A vida de Grande Otelo não é toda sem tragédias. A maior delas, ocorrida em 1949, foi a morte do filho pequeno, assassinado pela própria mãe, que em seguida se matou. A situação quase levou o artista ao suicídio. Conseguiu se reerguer – como “Moleque Tião” havia reerguido o cinema brasileiro – casando-se e tendo mais quatro filhos. As bodas e o nascimento de cada rebento eram assuntos impressos em jornais e revistas. Deu a volta por cima também na carreira quando, após o fim da era de ouro das chanchadas, apesar de o considerarem acabado, se reinventou como artista dramático, fazendo em 1969 um de seus papéis mais conhecidos em “Macunaíma”. Encontrou sucesso ainda na televisão e partiu como trinta anos mais tarde partiria outra grande estrela negra do nosso cinema, Léa Garcia: às vésperas de receber uma homenagem num festival de cinema.
“Othelo, o Grande” partiu de mais de 300 horas de material gravado, editado à exaustão e sempre buscando independizar a narrativa com depoimentos do próprio artista. Sobre sua importância, o diretor Lucas H. Rossi dos Santos declara:
“Eu gosto de imaginar Otelo como um Exu, um orixá que abriu os caminhos para que pessoas negras pudessem estar aqui hoje, trabalhando com arte e cultura no Brasil, inclusive eu. A partir disso, o papel dele é de extrema importância, pois ele conseguiu abrir essa trilha para nós e colaborou não só como artista, mas como um Griô (ancestral que tem por vocação preservar e transmitir as histórias e conhecimentos do seu povo)”.

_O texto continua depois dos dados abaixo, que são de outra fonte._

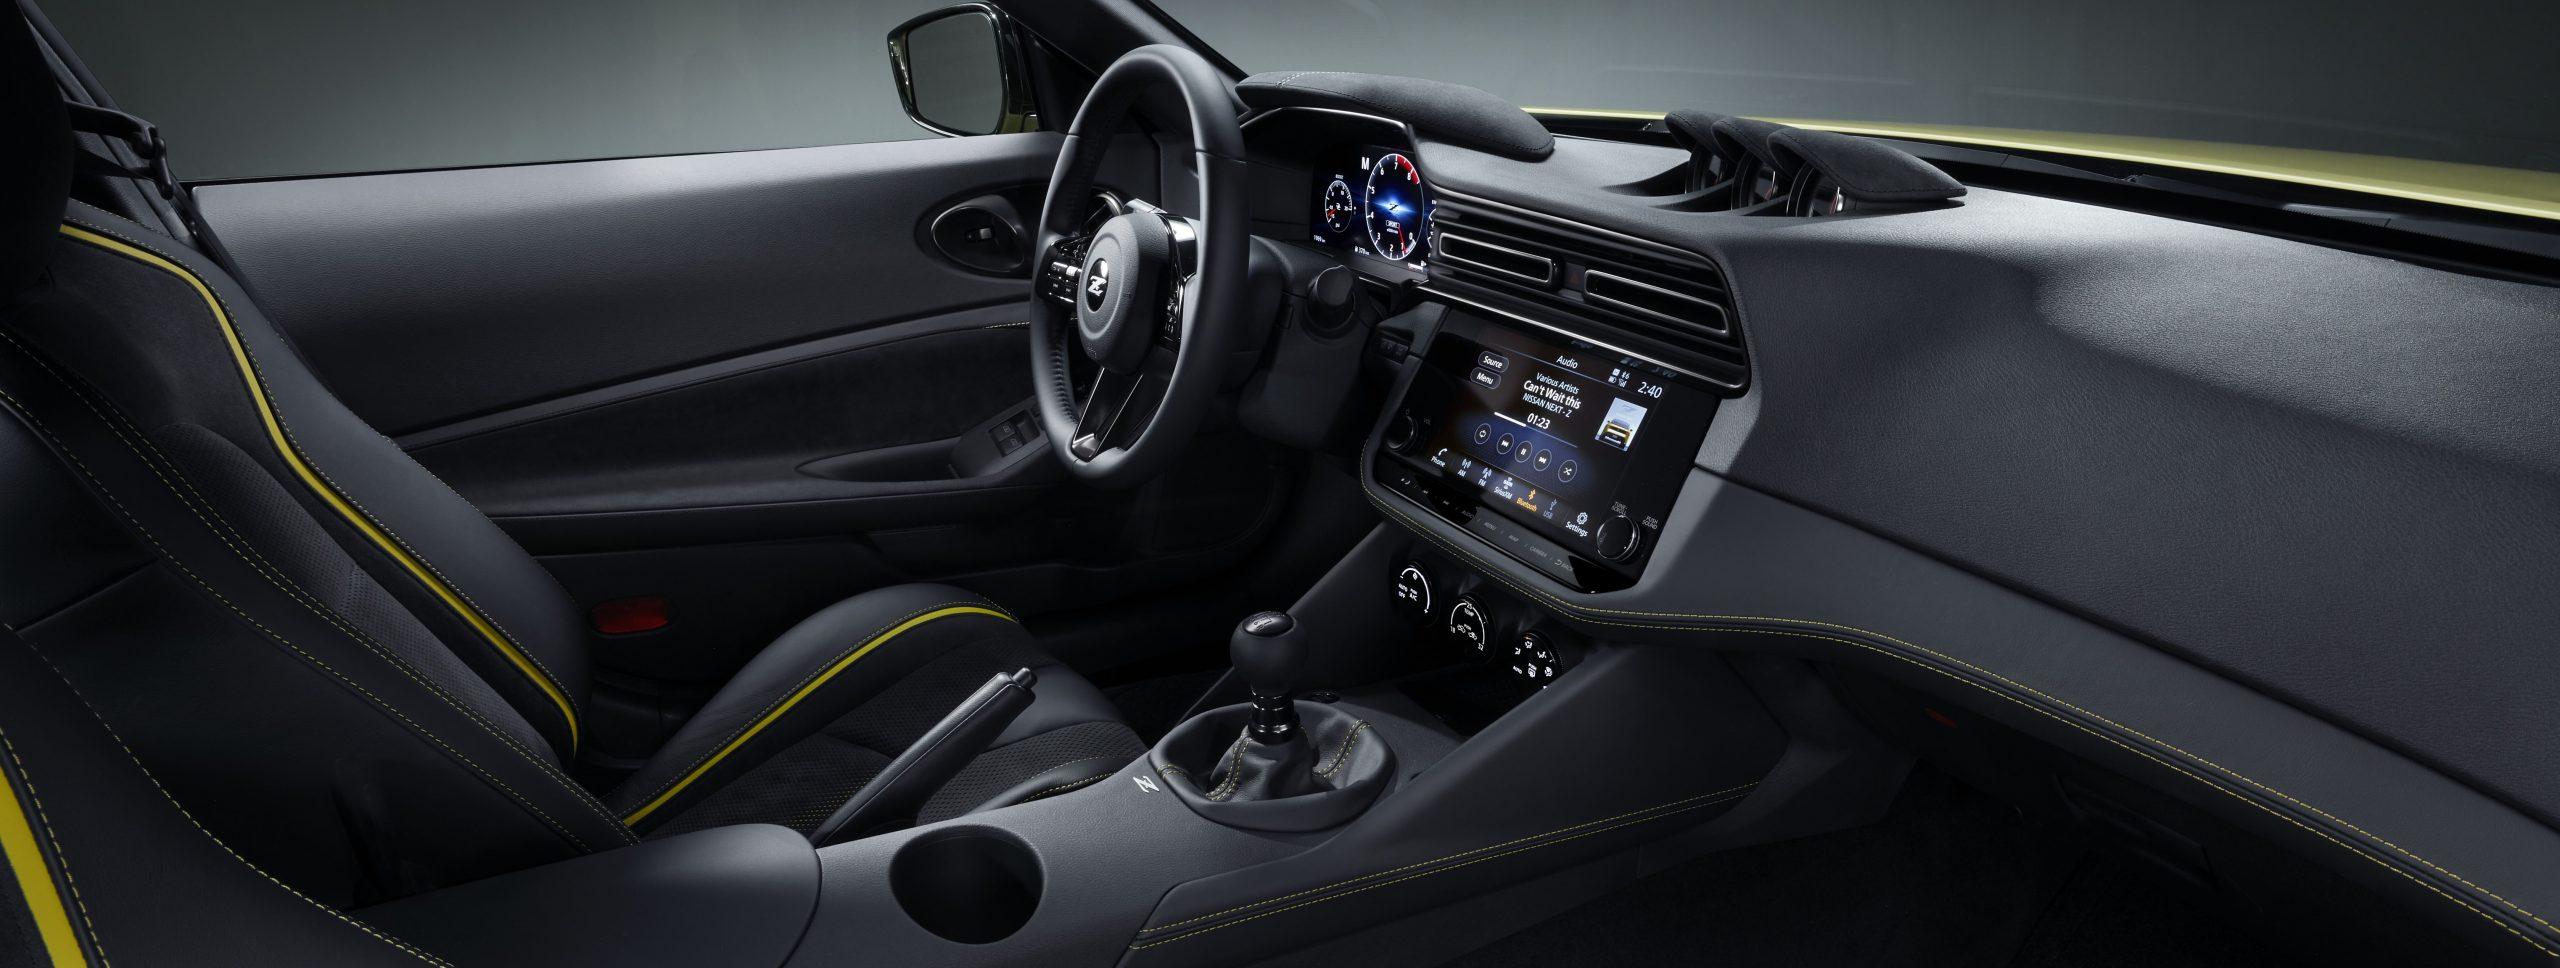 Nissan Z Sportscar

No meio de um museu, seminu, sentado na pose de “O Pensador” de Rodin, ele consegue fazer com que uma única lágrima escorra de seu olho esquerdo. O único ator brasileiro a trabalhar tanto com Josephine Baker, Orson Welles quanto com Werner Herzog; o homem que Carlos Drummond de Andrade afirmou querer ser. Grande Otelo é gigante. E aqui temos um documentário irretocável sobre ele para que não nos esqueçamos disso.